Yuki Takuo, Haratake Akinori, Koishikawa Hisa, Morita Kazumasa, Miyachi Yoshiki, Inoue Shintaro
Basic Research Laboratory, Kanebo Cosmetics Inc., Kanagawa, Japan.
Exp Dermatol. 2007 Apr;16(4):324-30. doi: 10.1111/j.1600-0625.2006.00539.x.
Recent research suggests that tight junctions (TJs) are located in the stratum granulosum, where they contribute to the barrier function of the epidermis. In this study, we investigated the formation of functional TJs in cultured normal human epidermal keratinocytes. We observed the development of permeability barrier function through the process of Ca(2+)-induced differentiation. Immunofluorescence analyses at 96 h after Ca(2+)-induced differentiation revealed concentrated portions of occludin, a TJ-specific marker, arranged as continuous lines circumscribing individual flattened suprabasal cells in areas with high concentrations of claudin-1 and -4. Transient Ca(2+) depletion reversibly disrupted the continuous network of TJ proteins and the permeability barrier. We also found that the addition of ochratoxin A weakened the permeability barrier and the expression of claudin-4. Our findings suggest that TJ proteins contribute to the permeability barrier in epidermal keratinocytes.
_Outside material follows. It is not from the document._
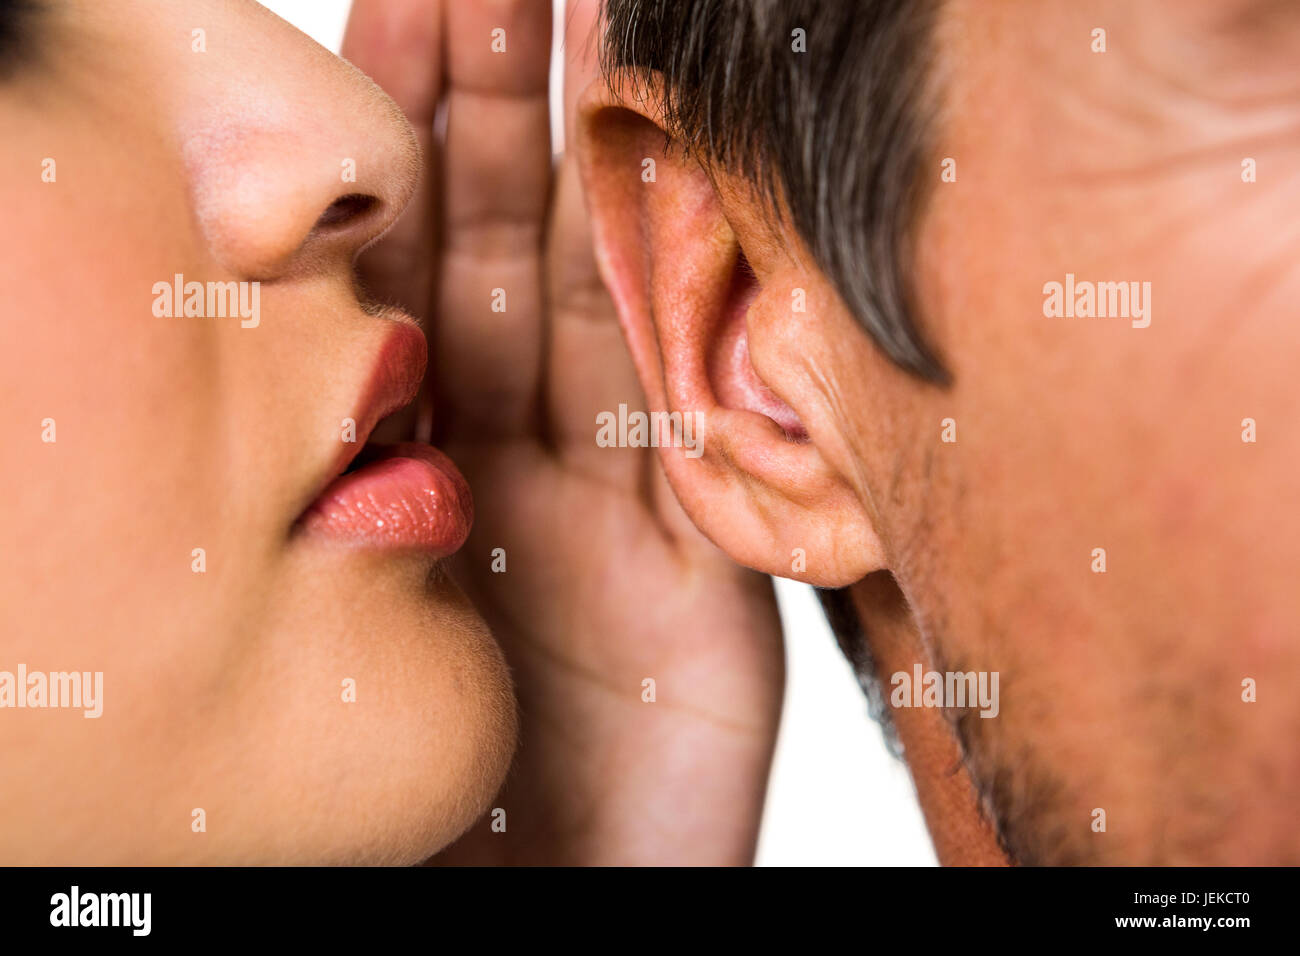 man whispering in ear

近期研究表明,紧密连接(TJs)位于颗粒层,在那里它们对表皮的屏障功能有贡献。在本研究中,我们调查了培养的正常人表皮角质形成细胞中功能性紧密连接的形成。我们通过Ca(2+)诱导分化的过程观察到了渗透屏障功能的发展。Ca(2+)诱导分化96小时后的免疫荧光分析显示,封闭蛋白(一种紧密连接特异性标志物)的浓缩部分排列成连续的线条,在紧密连接蛋白-1和-4浓度高的区域围绕着单个扁平的基底上层细胞。短暂的Ca(2+)耗竭可逆地破坏了紧密连接蛋白的连续网络和渗透屏障。我们还发现,添加赭曲霉毒素A会削弱渗透屏障和紧密连接蛋白-4的表达。我们的研究结果表明,紧密连接蛋白有助于表皮角质形成细胞中的渗透屏障。